# Roku



## nova (Apr 30, 2006)

So, I was in Best Buy this afternoon hoping to pick up a Blu-ray of Close Encounters of the Third Kind for $14.99. Unfortunately they were sold out. I did see they had the Roku XD for $79 and I almost came home with one. Anyone have one? Thoughts? I know my new MacBook Pro will do what I want, but I'm curious if the Roku will make things easier.


----------



## koyaan (Mar 2, 2010)

I have one that I use for streaming Netflix movies and viewing my photos from Facebook. I've been quite happy with it. It's no high end device, but it seems pretty robust.


----------



## nholmes1 (Oct 7, 2010)

I've installed many roku units, all the way back to when they were just called the "netflix streamer". They have made some nice improvements over time and its an easy to use interface. Enjoy!


----------



## artinaz (Jul 31, 2008)

Roku is definitely a great device. However there are multiple options out there.
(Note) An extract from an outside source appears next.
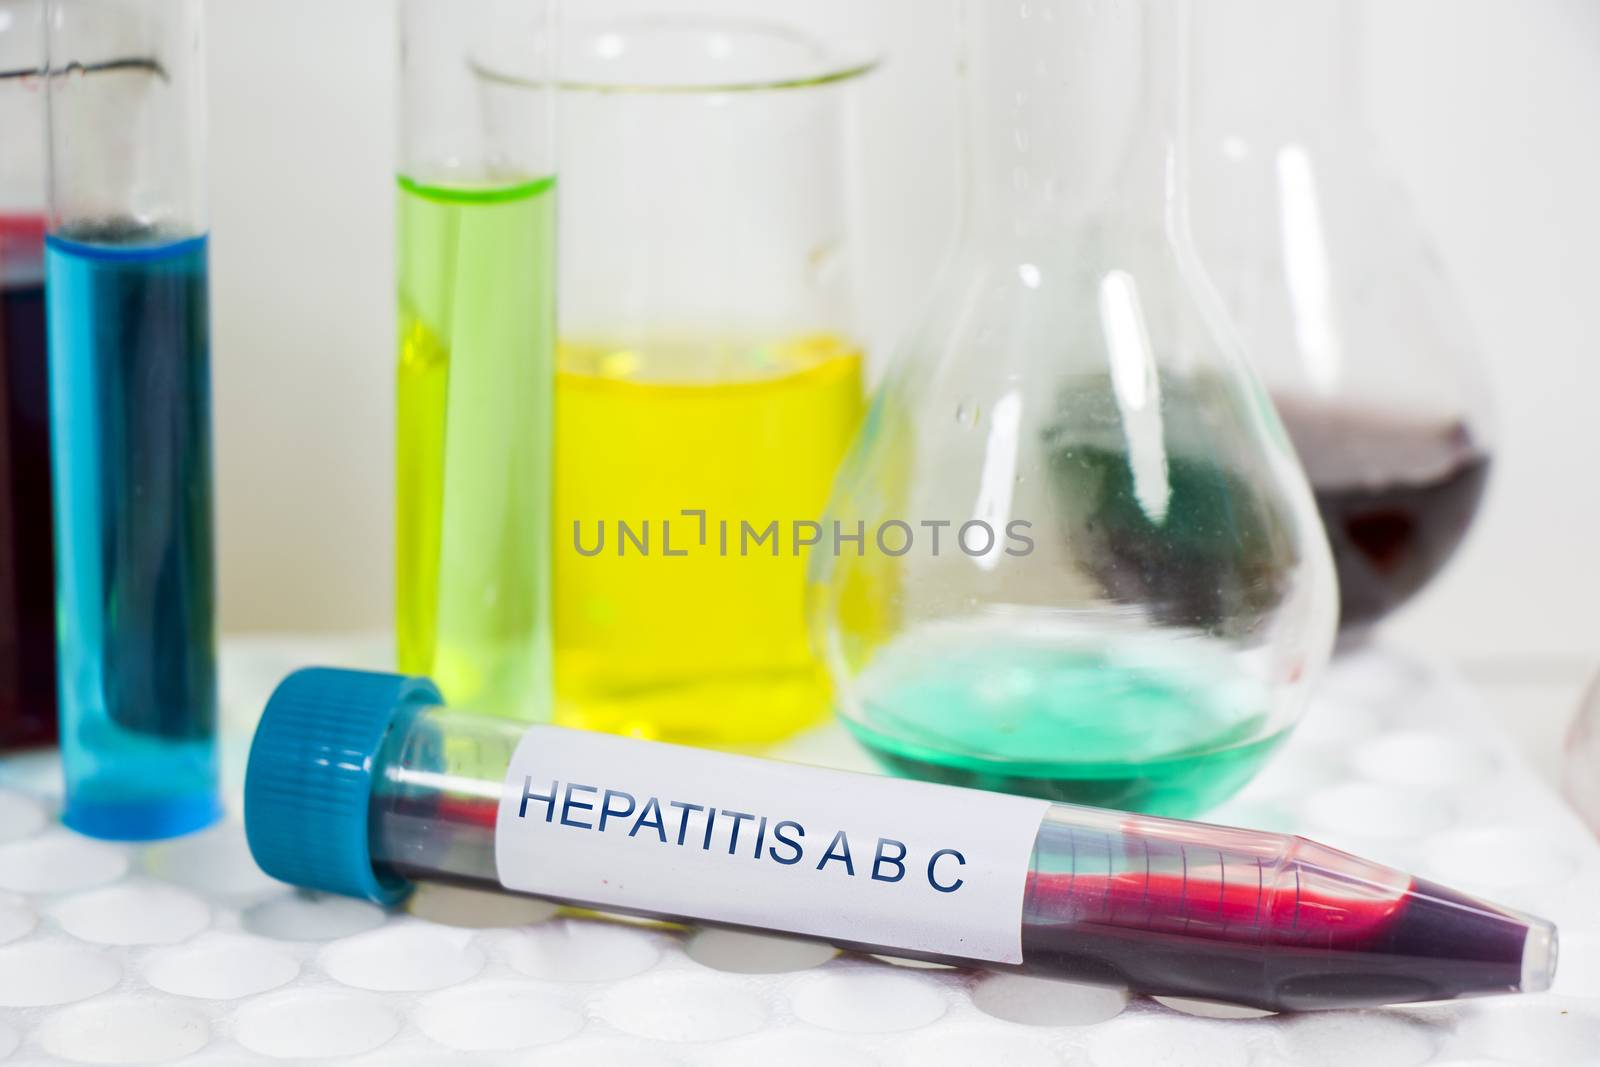 Hepatitis blood test tube samples by Taidundua

Most blu-ray player nowadays will have netflix, blockbuster express etc- so would you need a roku separately at all ? then there is the appletv- great interface, wdtv live, boxee box, google tv.
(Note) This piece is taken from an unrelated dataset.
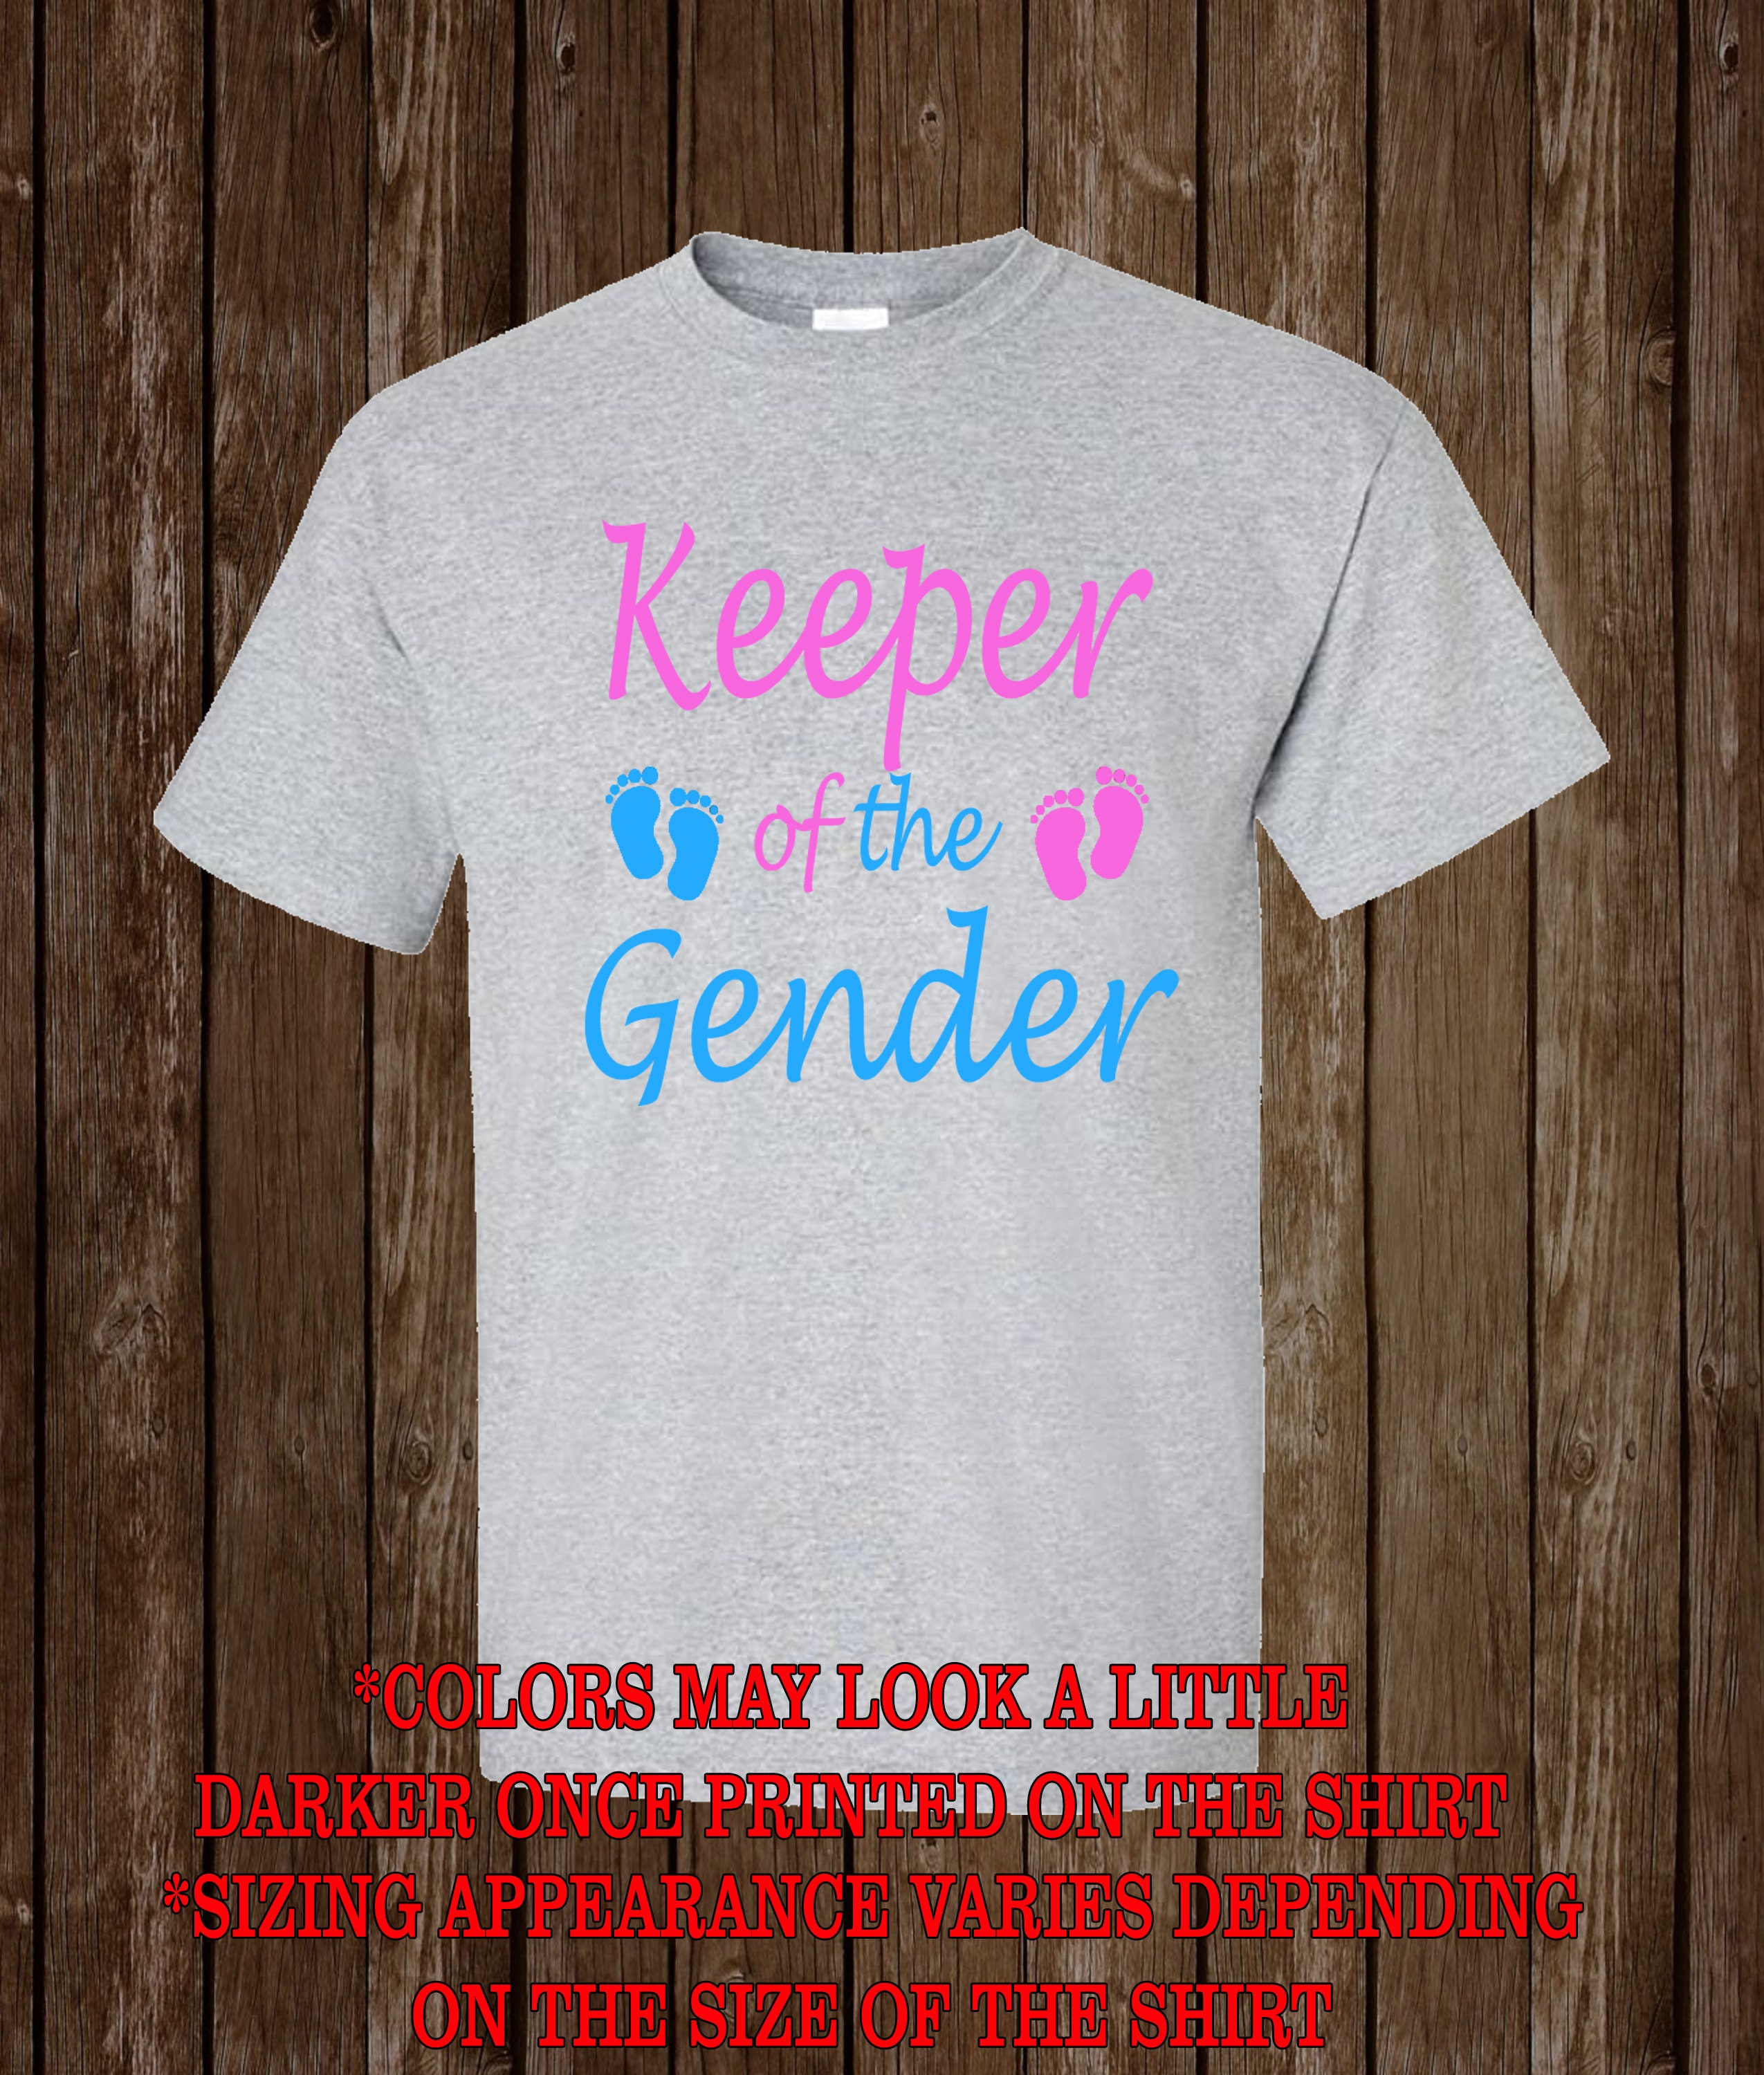 Keeper of the Gender Shirt Gender Reveal Shirt Boy or Girl Shirt

It depends on what online streaming services you would like to access.


----------



## nova (Apr 30, 2006)

I'm plenty happy with my Blu-ray player, unfortunately I purchased the model right before they began to support Netflix. Still...not looking to upgrade the DMP-BD80.
My MacBook Pro will, I do believe, take care of just about anything. I'm just curious if there is any advantage to a Roku unit? I'm thinking about all I would use it for is Pandora and Netflix. The laptop moves around quite a bit so I have to move the Magsafe Power adapter and HDMI/Thunderport adapter etc. The Roku I could just set it up where I wanted it and leave it. Other than that, is there really any advantage over the laptop?


----------



## nholmes1 (Oct 7, 2010)

Power consumption? That's about all I can think of.


----------



## Savjac (Apr 17, 2008)

The new Roku devices are the beez kneez in reality. They are stunning for netflix as they have a great "search" feature. They are also great for pandora or a myriad of other channels. 
The best thing about the Roku is no movie parts, none zero zip. The image quality via HDMI is very very good. 
It will not stream itunes without another product, but other than that, it is perfect.


----------